- [Raw data]
+ + + + + + +

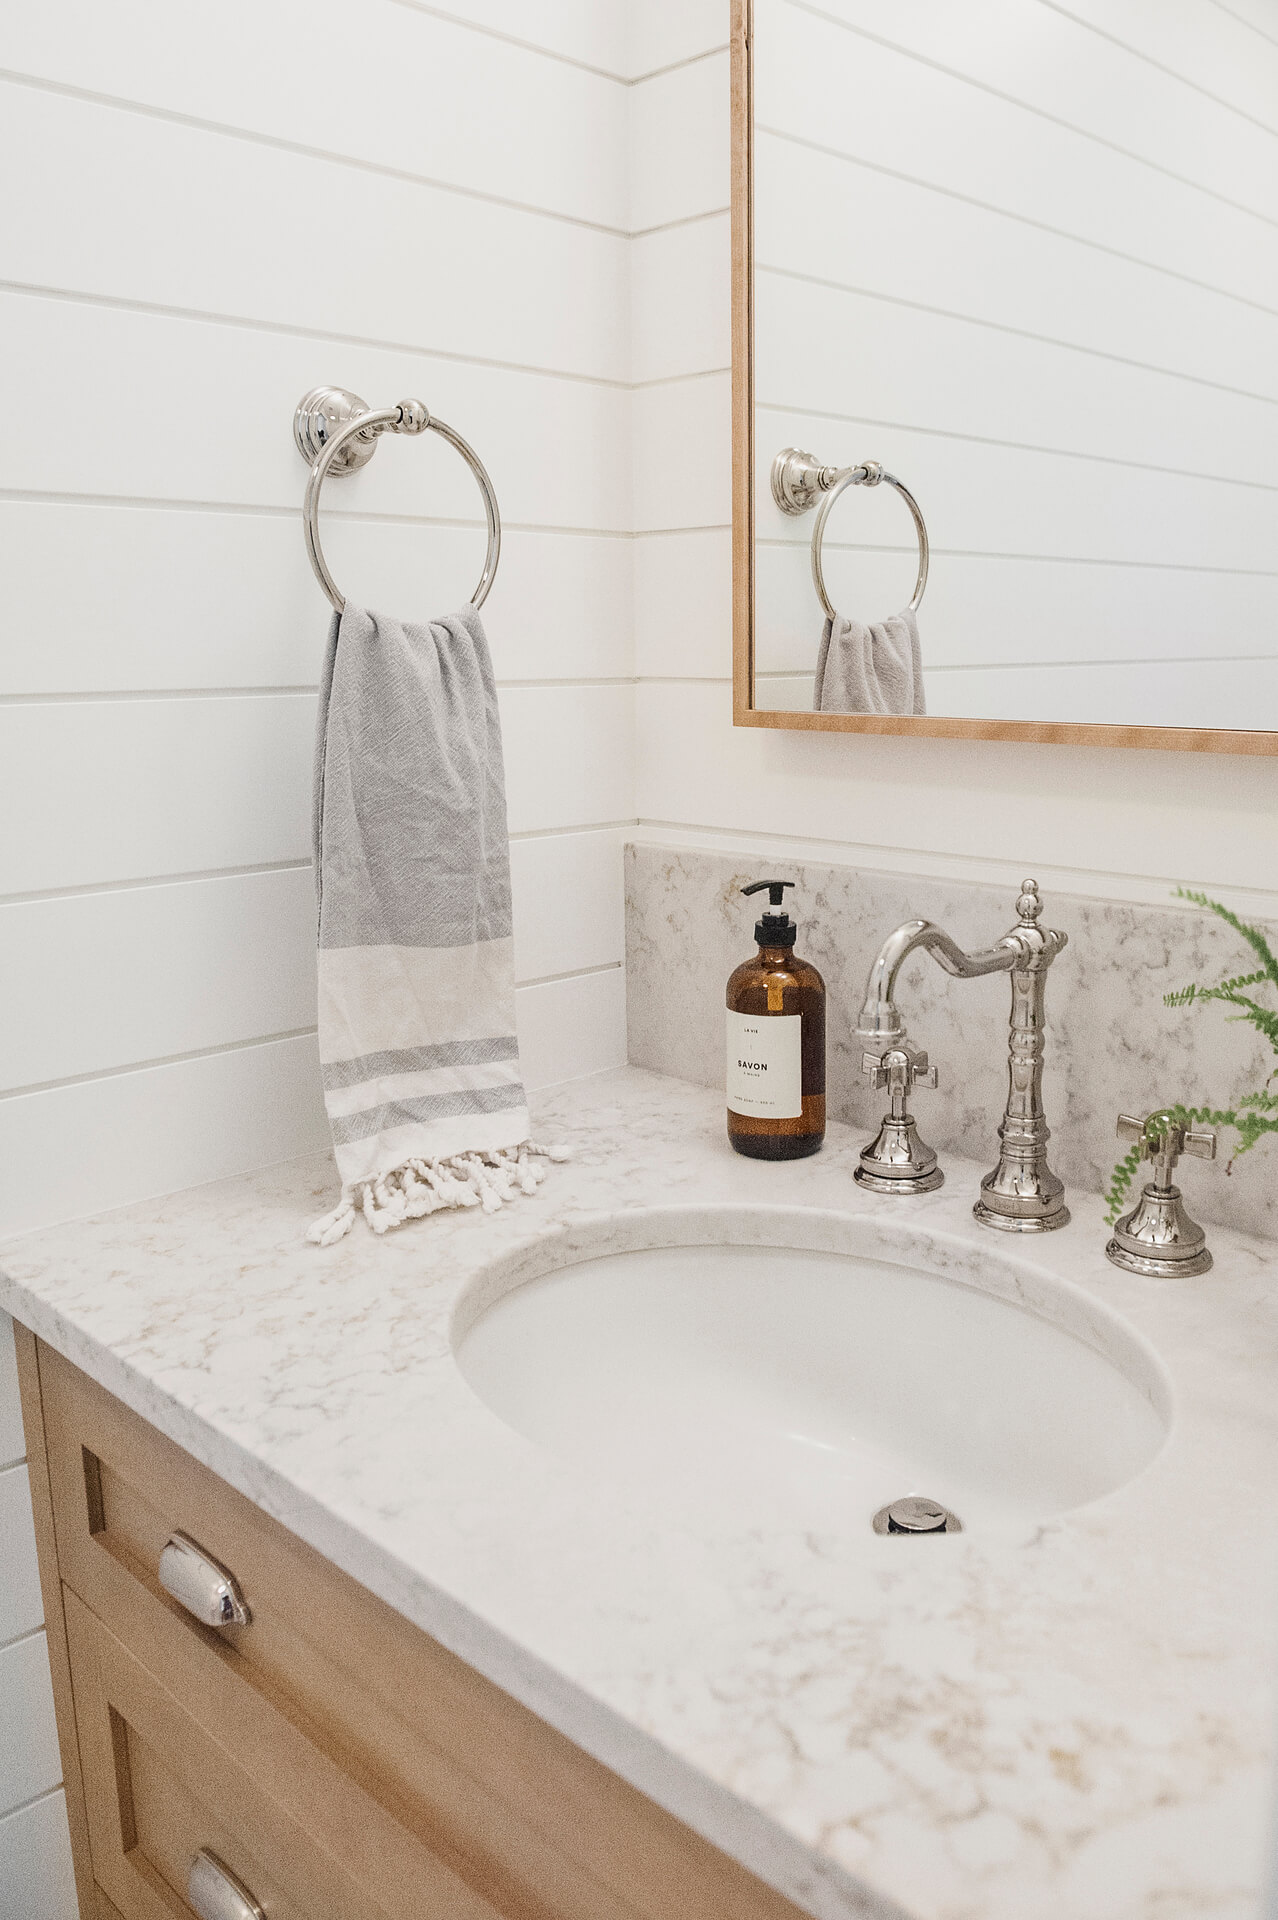 Frobisher AKB Design petite salle d eau vanite bois shiplap quartz19
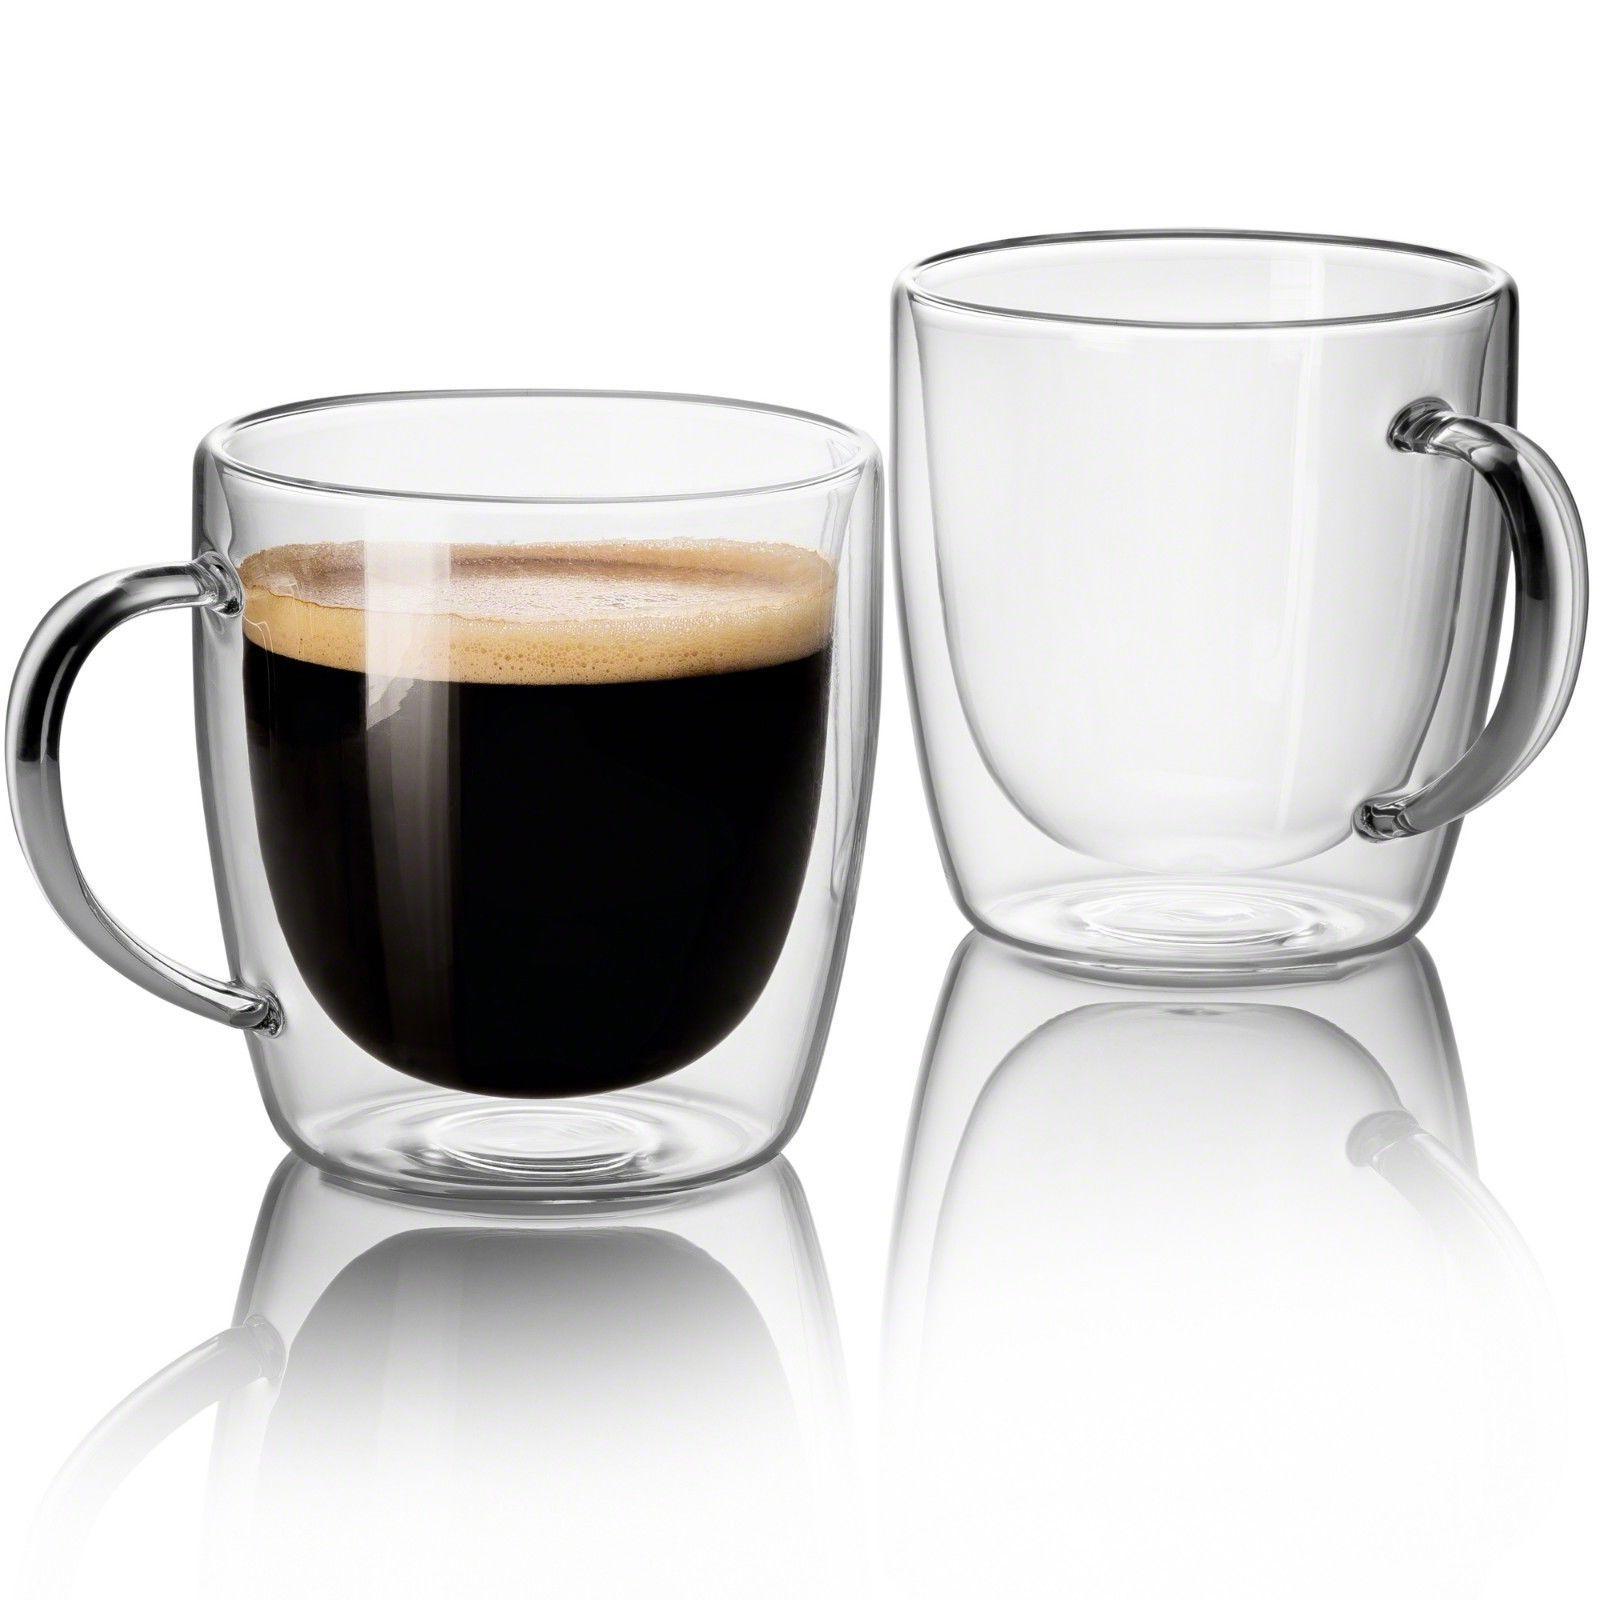 Double Mug Tea Mug
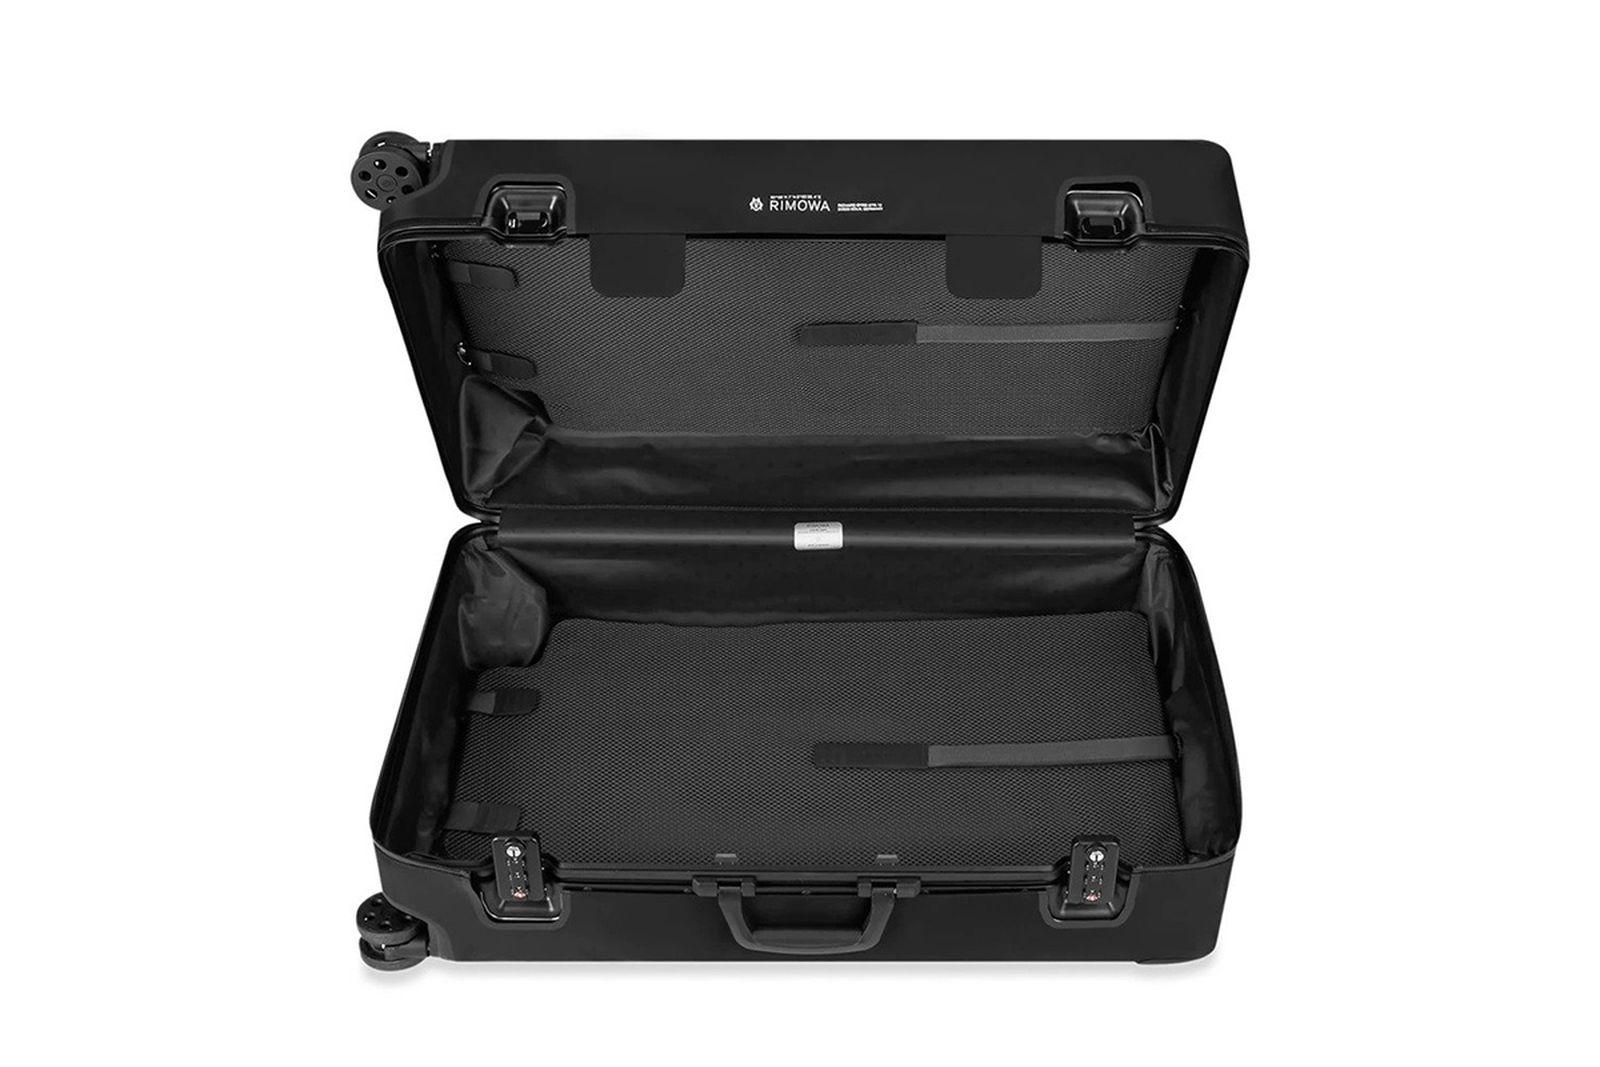 rimowa-luggage-suitcase-cover-01
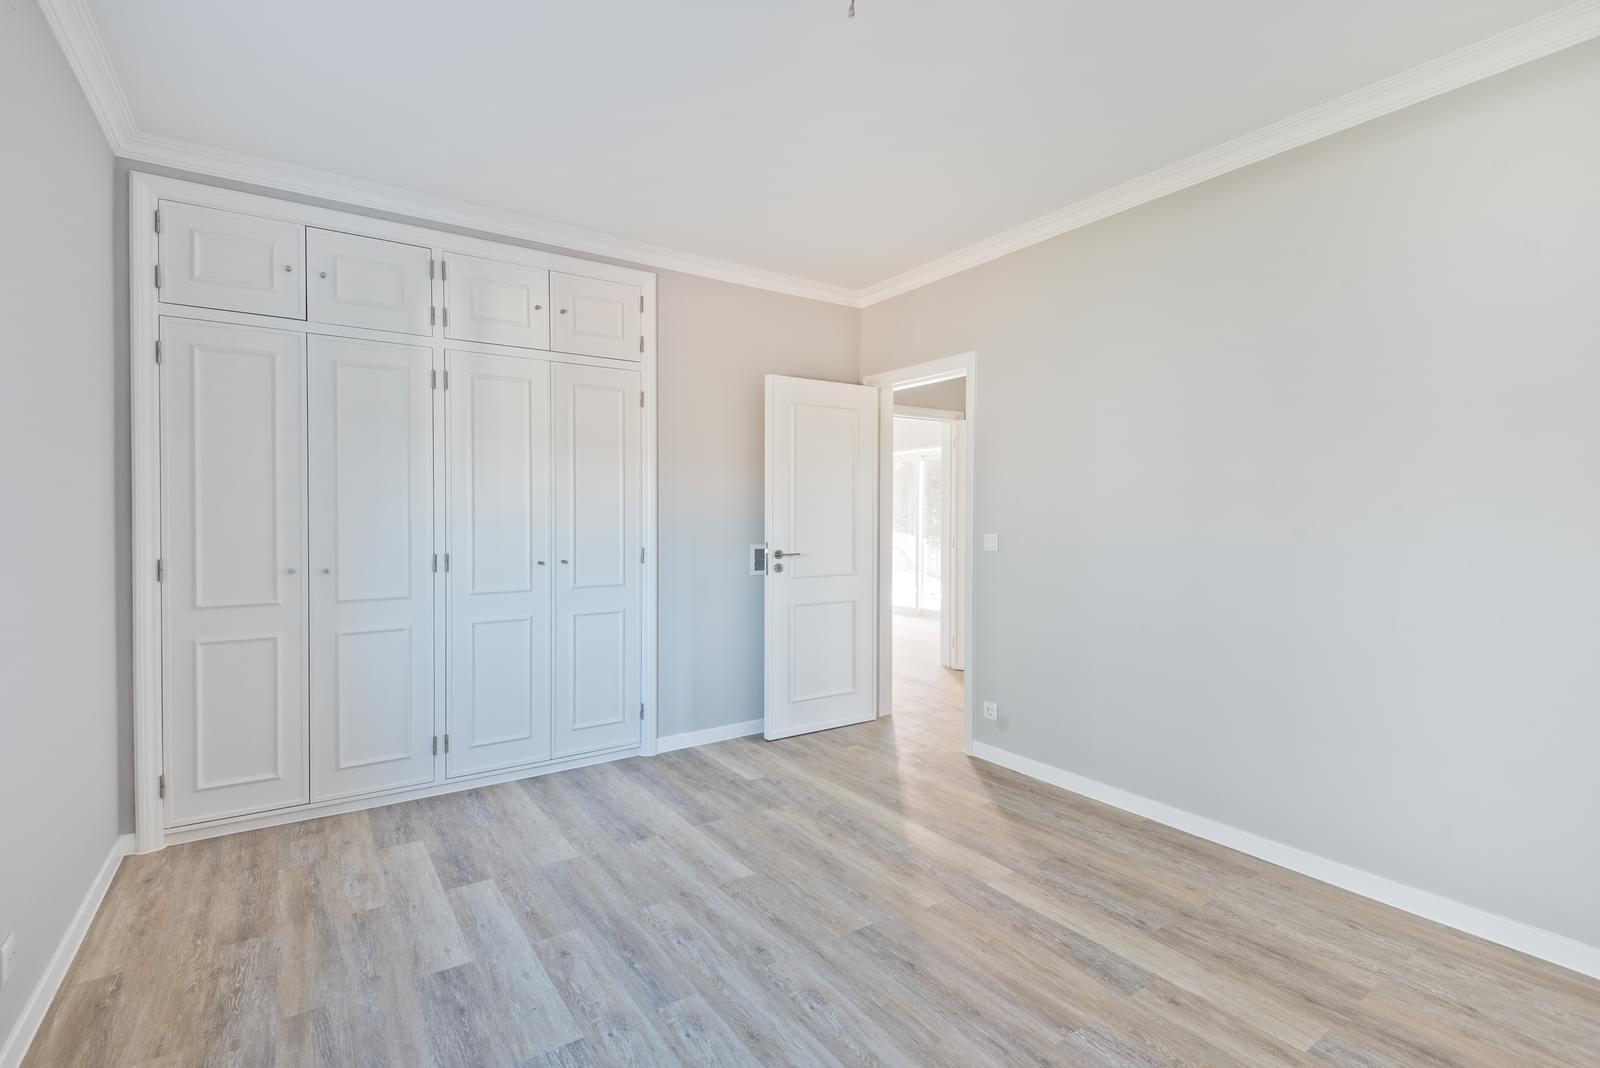 pf18907-apartamento-t2-cascais-9f57cf3d-b12b-4a25-ab32-056a78cdb9c4

+ + + + + + +

Copy the material exactly. Do not include the pictures.

- [Answer box]
 Frobisher AKB Design petite salle d eau vanite bois shiplap quartz19
 Double Mug Tea Mug
 rimowa-luggage-suitcase-cover-01
 pf18907-apartamento-t2-cascais-9f57cf3d-b12b-4a25-ab32-056a78cdb9c4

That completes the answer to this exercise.